-
Variational Inference with Normalizing FlowsResearch/Generative Model 2024. 5. 15. 18:18
https://arxiv.org/pdf/1505.05770
Abstract
The choice of approximate posterior distribution is one of the core problems in variational inference. Most applications of variational inference employ simple families of posterior approximations in order to allow for efficient inference, focusing on mean-field or other simple structured approximations. This restriction has a significant impact on the quality of inferences made using variational methods. We introduce a new approach for specifying flexible, arbitrarily complex and scalable approximate posterior distributions. Our approximations are distributions constructed through a normalizing flow, whereby a simple initial density is transformed into a more complex one by applying a sequence of invertible transformations until a desired level of complexity is attained. We use this view of normalizing flows to develop categories of finite and infinitesimal flows and provide a unified view of approaches for constructing rich posterior approximations. We demonstrate that the theoretical advantages of having posteriors that better match the true posterior, combined with the scalability of amortized variational approaches, provides a clear improvement in performance and applicability of variational inference.
1. Introduction
There has been a great deal of renewed interest in variational inference as a means of scaling probabilistic modeling to increasingly complex problems on increasingly larger data sets. Variational inference now lies at the core of large-scale topic models of text (Hoffman et al., 2013), provides the state-of-the-art in semi-supervised classification (Kingma et al., 2014), drives the models that currently produce the most realistic generative models of images (Gregor et al., 2014; 2015; Rezende et al., 2014; Kingma & Welling, 2014), and are a default tool for the understanding of many physical and chemical systems. Despite these successes and ongoing advances, there are a number of disadvantages of variational methods that limit their power and hamper their wider adoption as a default method for statistical inference. It is one of these limitations, the choice of posterior approximation, that we address in this paper.

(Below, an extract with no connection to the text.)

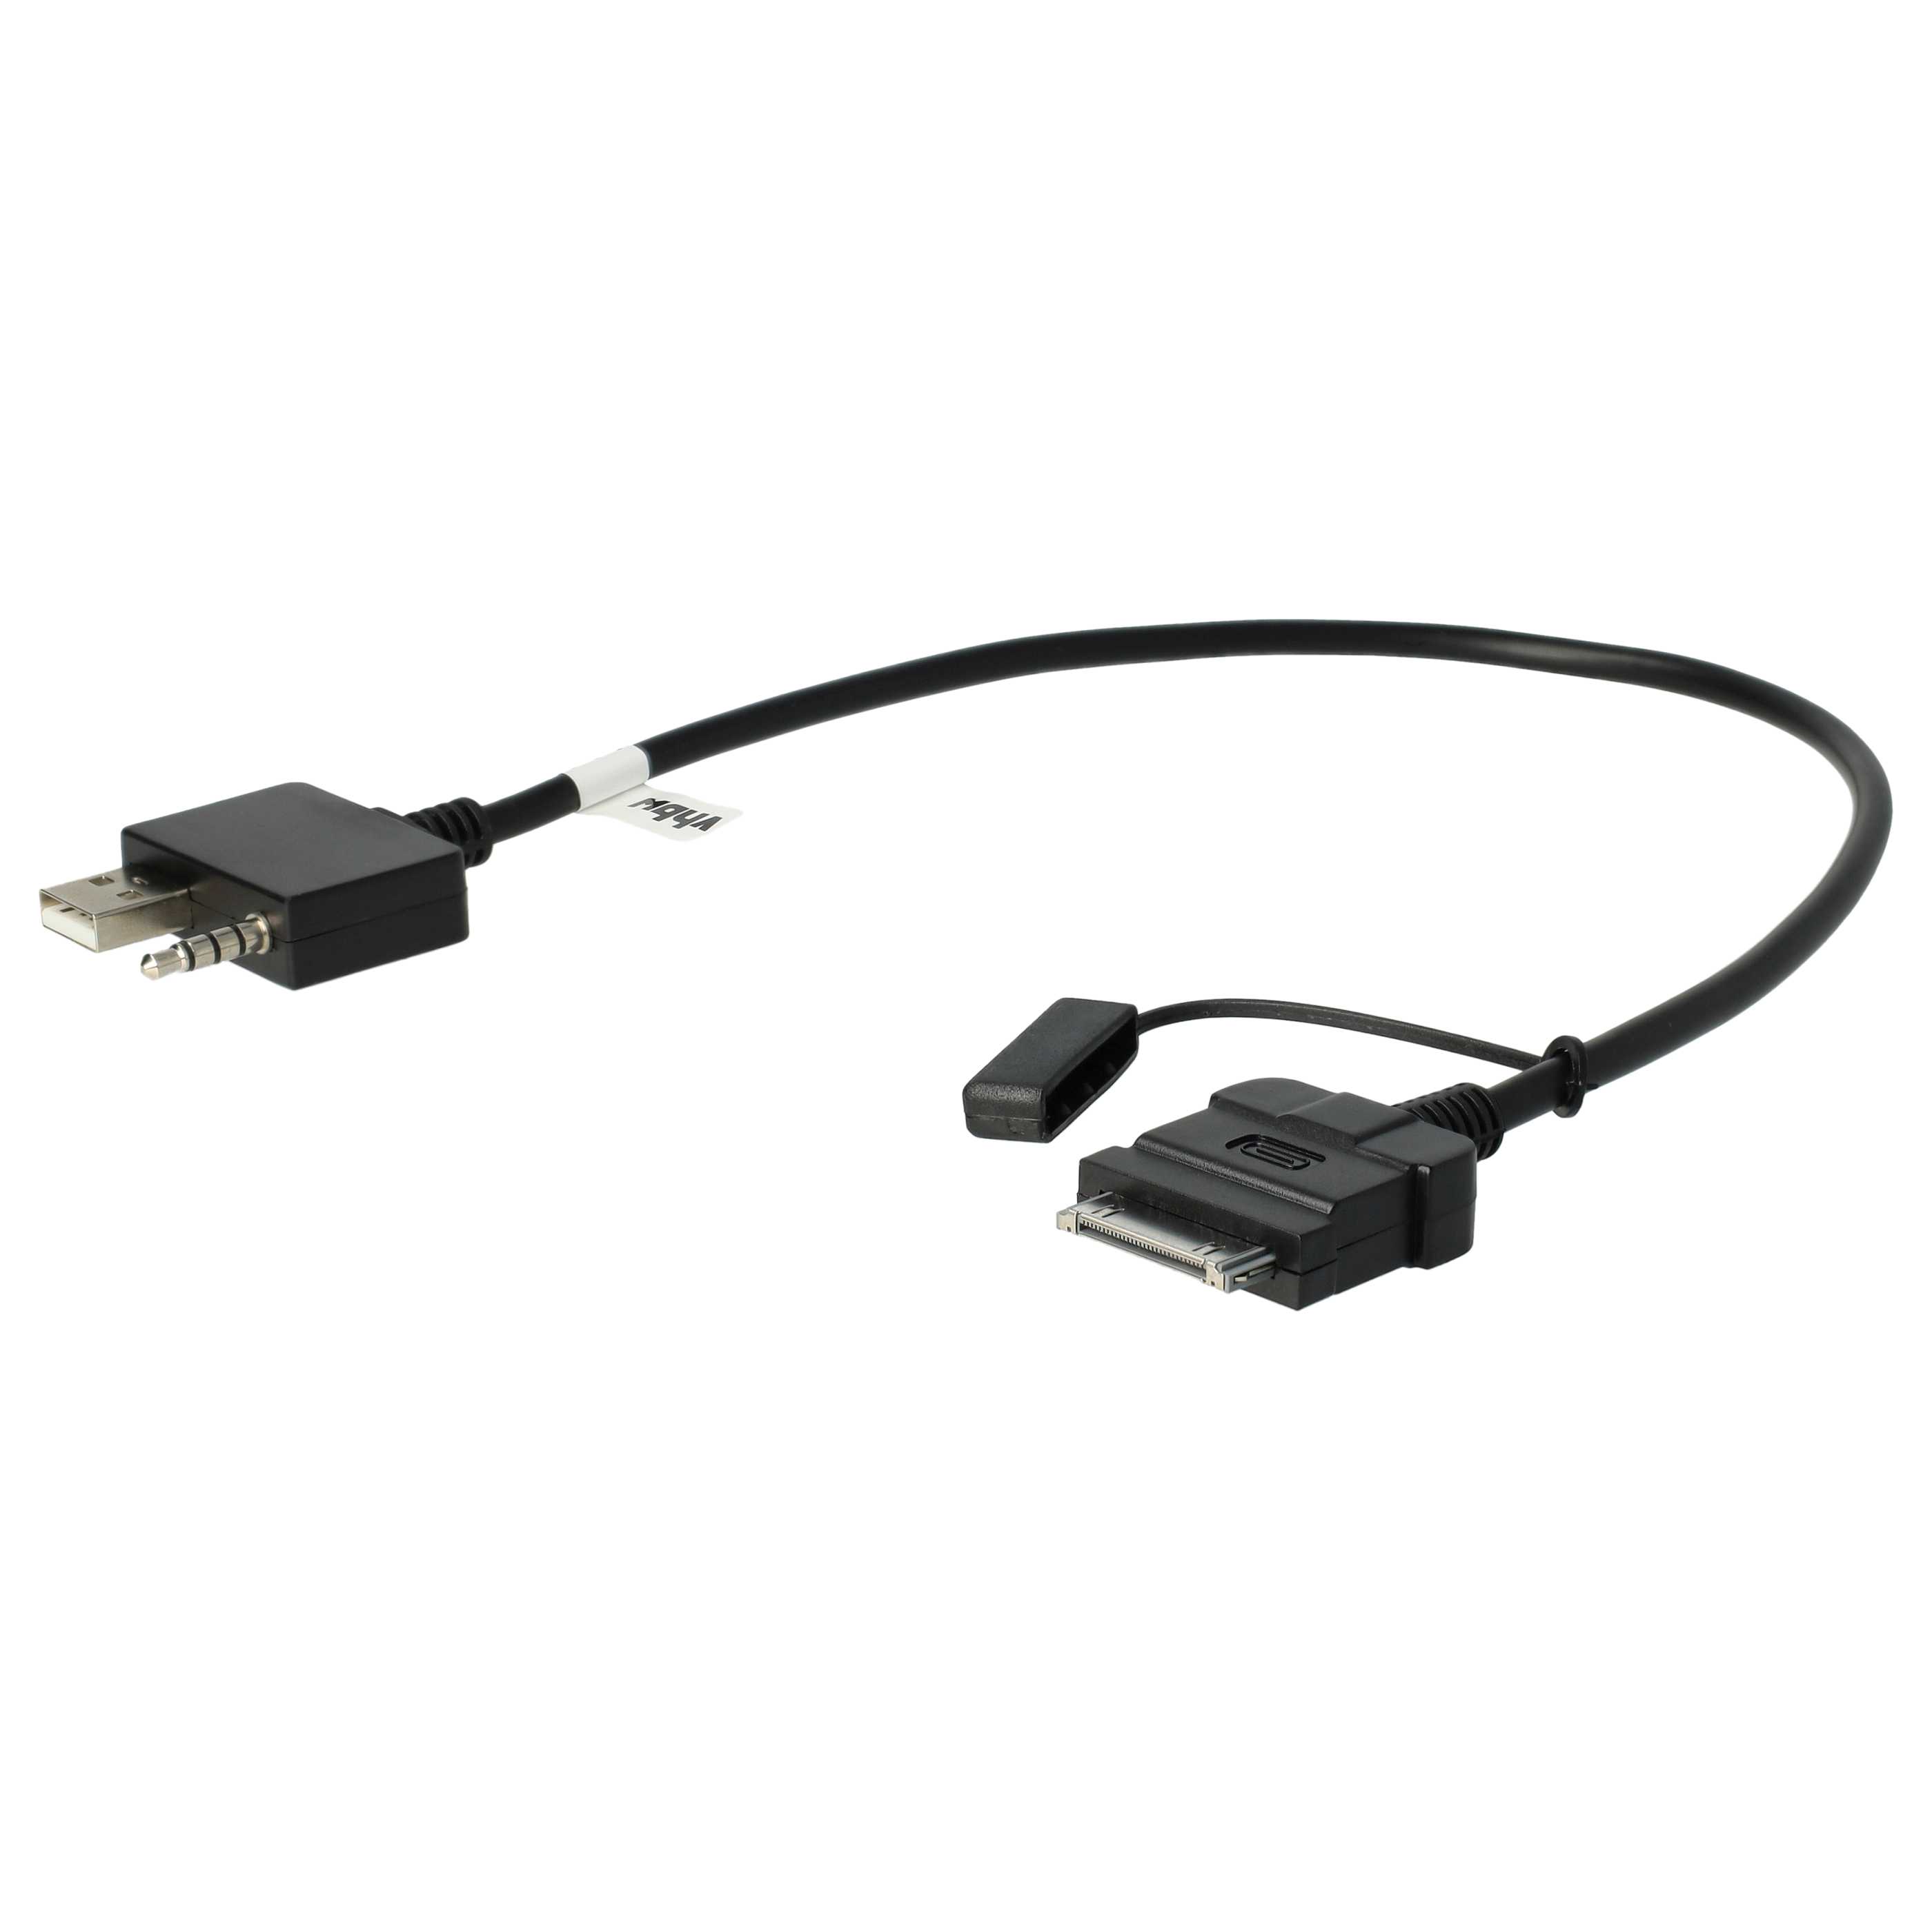 Kabel AUX do radia samochodowego Hyundai, Kia, Apple i in. zam. 9999Z-01160, 96125-1H500 - USB

Variational inference requires that intractable posterior distributions be approximated by a class of known probability distributions, over which we search for the best approximation to the true posterior. The class of approximations used is often limited, e.g., mean-field approximations, implying that no solution is ever able to resemble the true posterior distribution. This is a widely raised objection to variational methods, in that unlike other inferential methods such as MCMC, even in the asymptotic regime we are unable recover the true posterior distribution.
There is much evidence that richer, more faithful posterior approximations do result in better performance. For example, when compared to sigmoid belief networks that make use of mean-field approximations, deep auto-regressive networks use a posterior approximation with an autoregressive dependency structure that provides a clear improvement in performance (Mnih & Gregor, 2014). There is also a large body of evidence that describes the detrimental effect of limited posterior approximations. Turner & Sahani (2011) provide an exposition of two commonly experienced problems. The first is the widely-observed problem of under-estimation of the variance of the posterior distribution, which can result in poor predictions and unreliable decisions based on the chosen posterior approximation. The second is that the limited capacity of the posterior approximation can also result in biases in the MAP estimates of any model parameters (and this is the case e.g., in time-series models).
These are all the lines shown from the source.